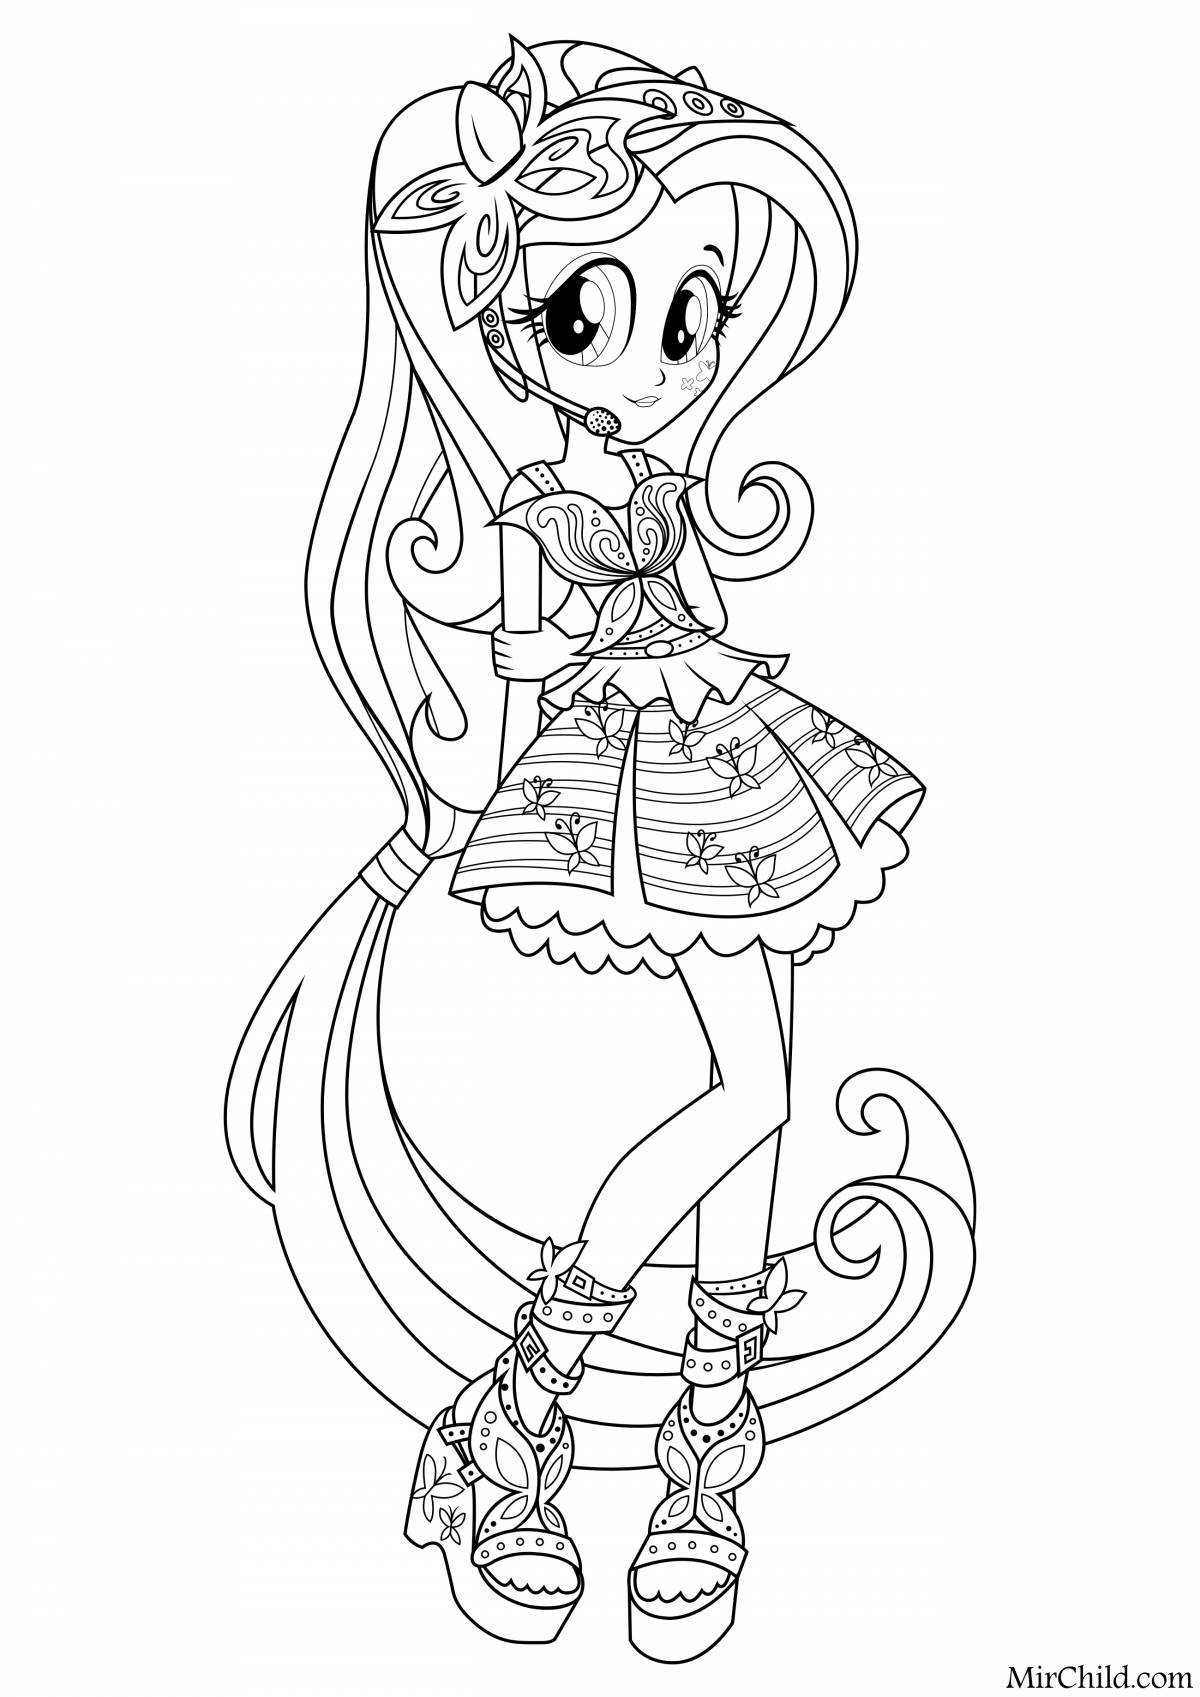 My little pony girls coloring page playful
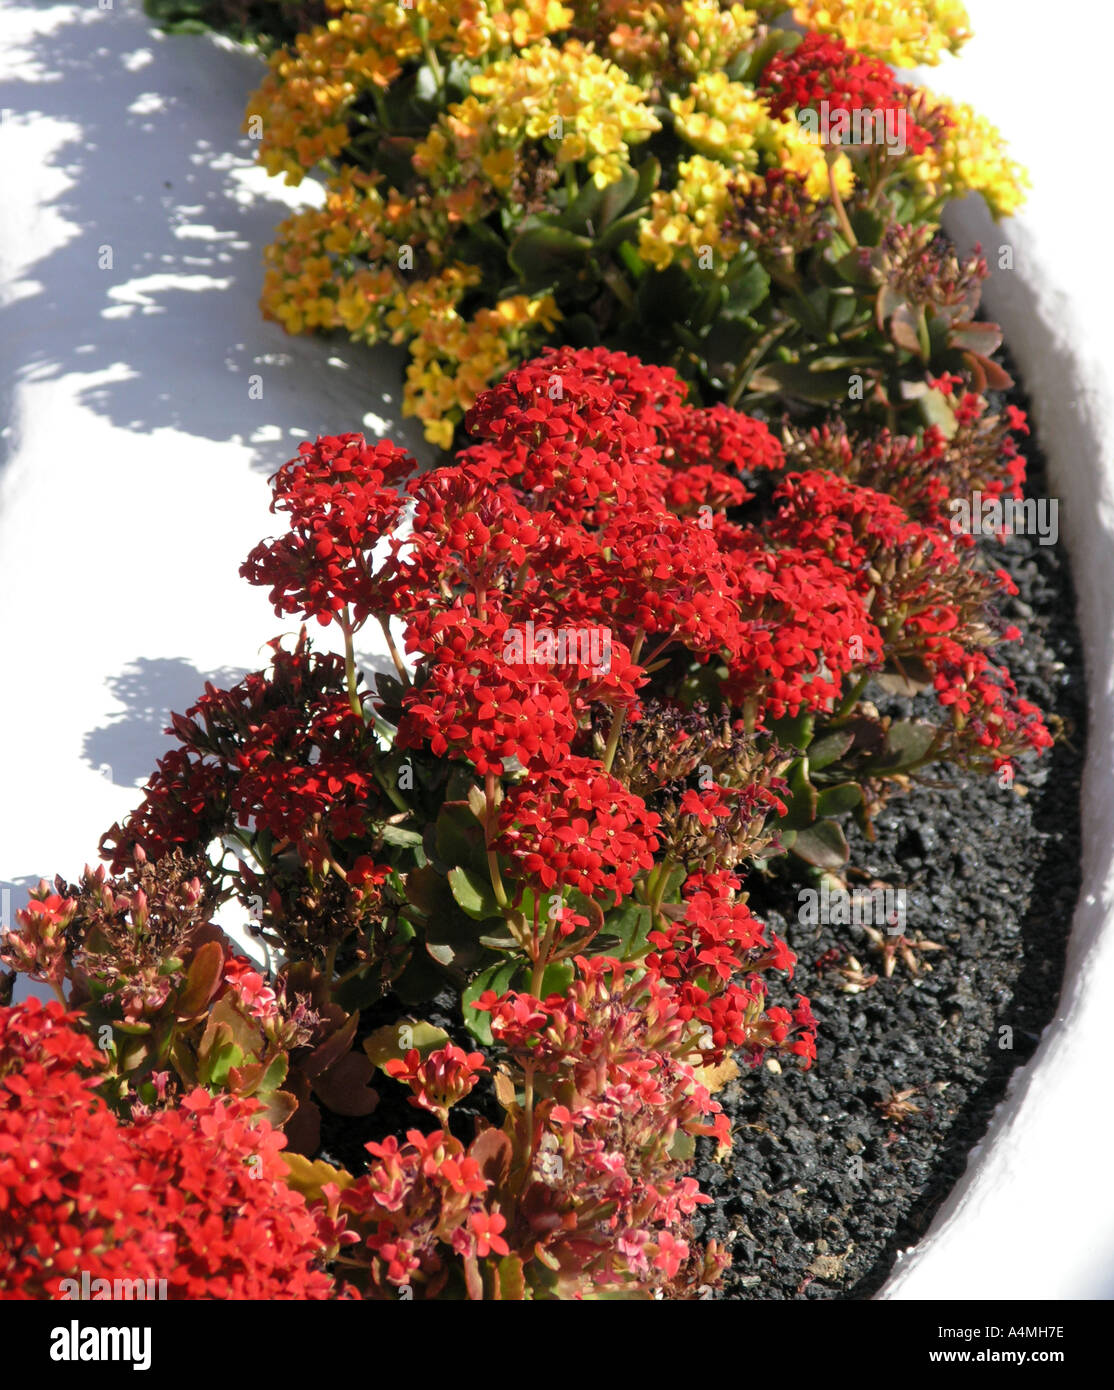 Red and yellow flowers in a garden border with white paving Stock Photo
+++++
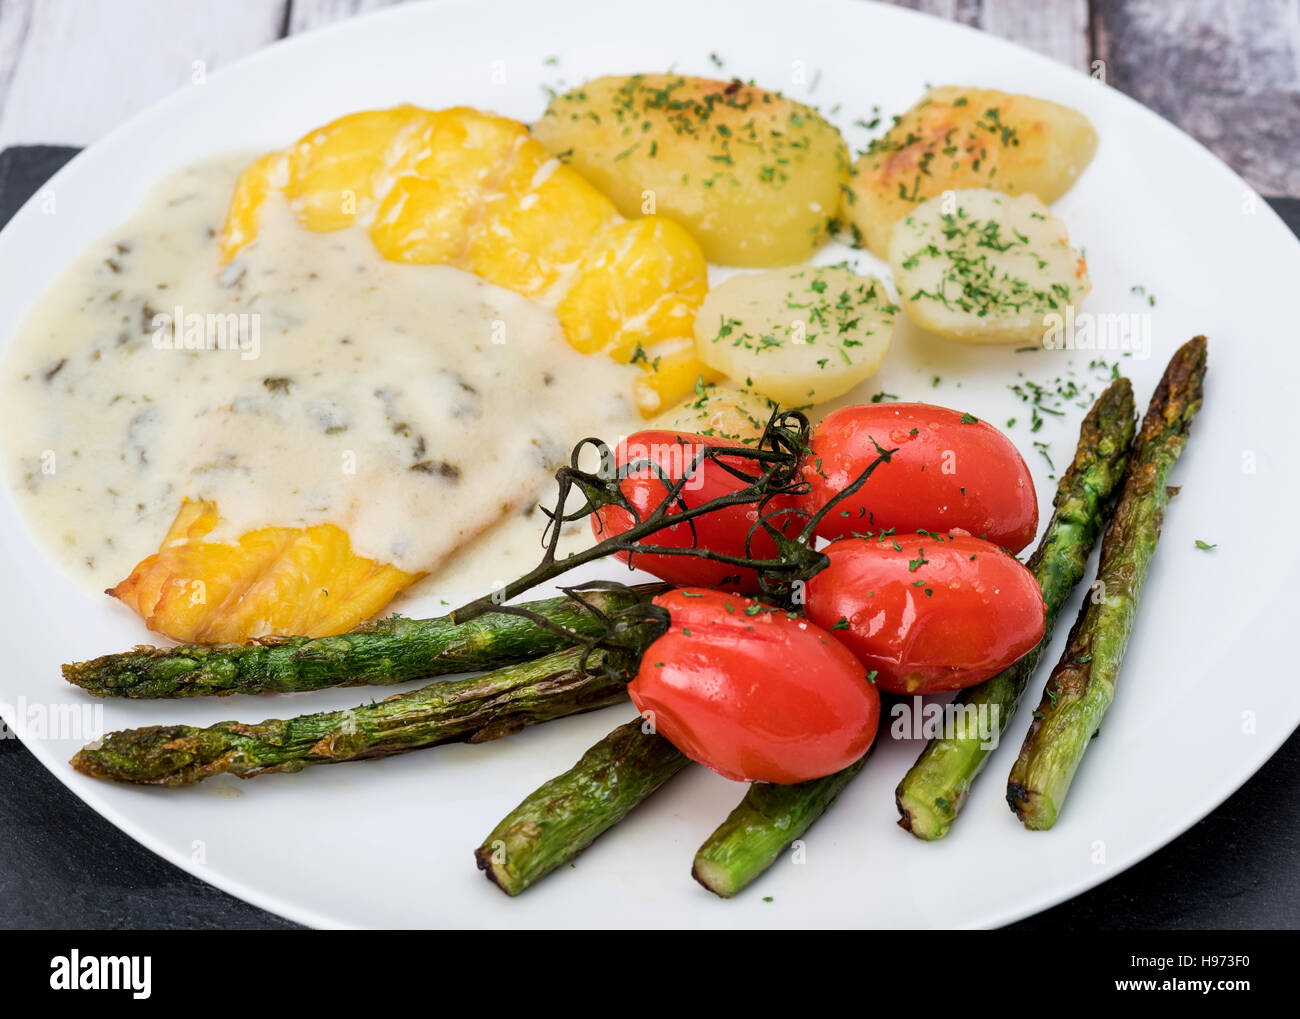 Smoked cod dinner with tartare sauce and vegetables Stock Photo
+++++
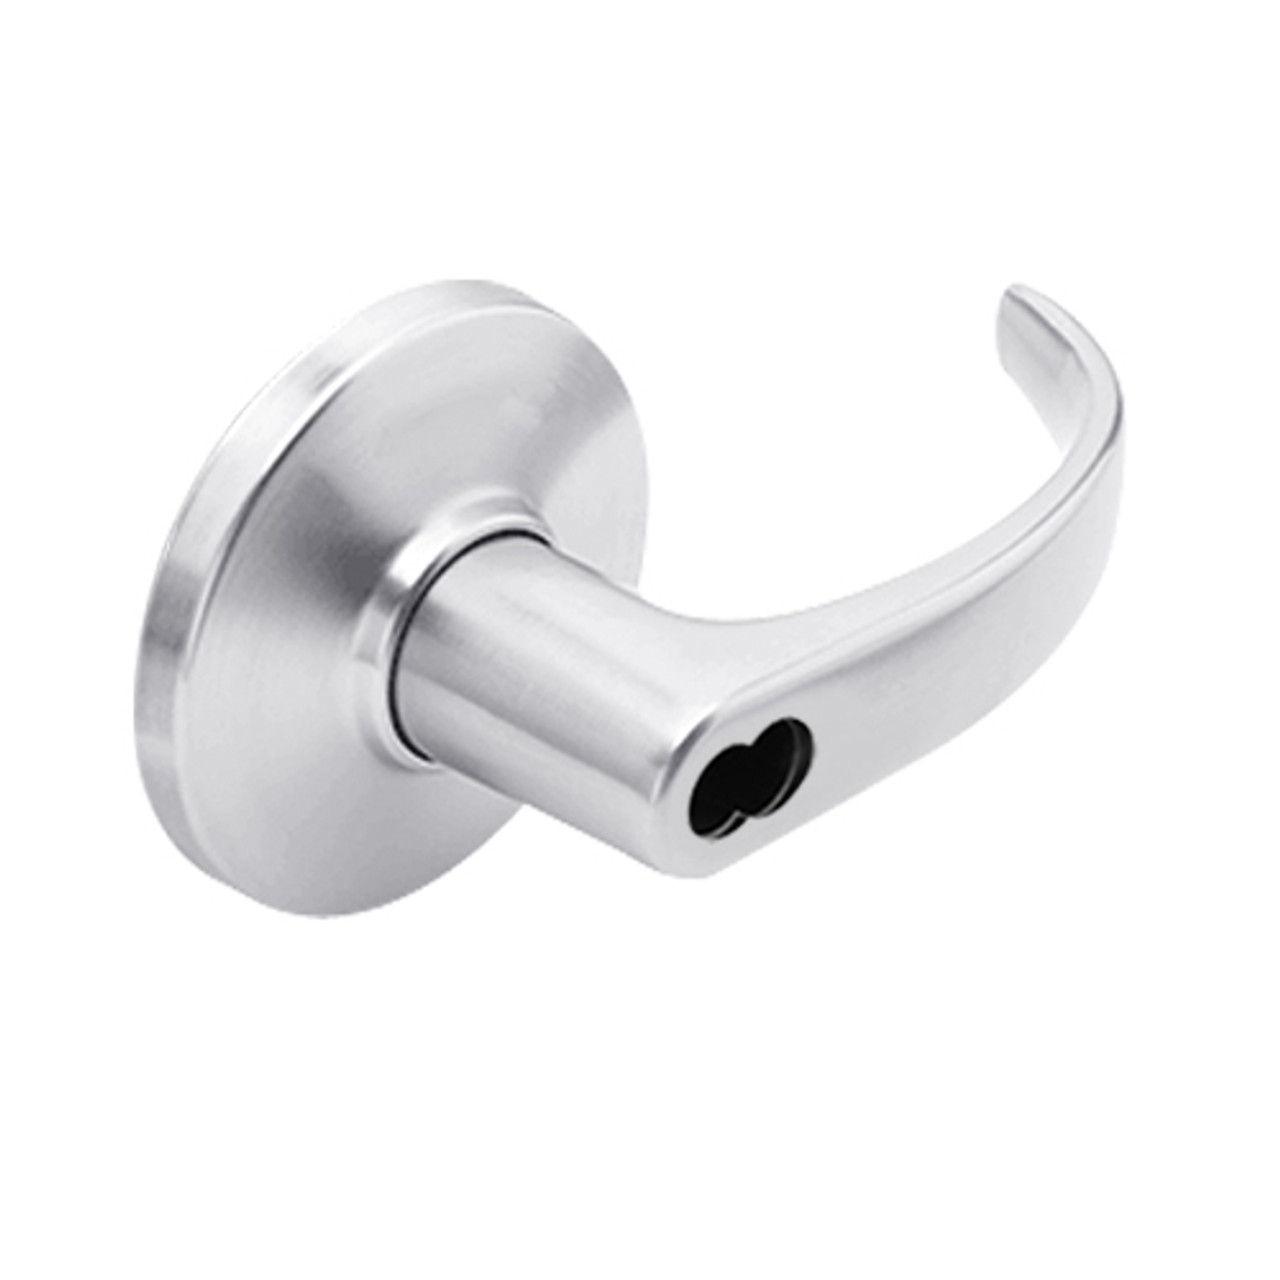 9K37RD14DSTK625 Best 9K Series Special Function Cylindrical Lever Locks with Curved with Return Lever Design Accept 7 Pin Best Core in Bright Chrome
+++++
Look above for the line containing "My little pony girls coloring page playful" and the line containing "Red and yellow", then reproduce both and everything between them exactly, pictures omitted.

 My little pony girls coloring page playful
 Red and yellow flowers in a garden border with white paving Stock Photo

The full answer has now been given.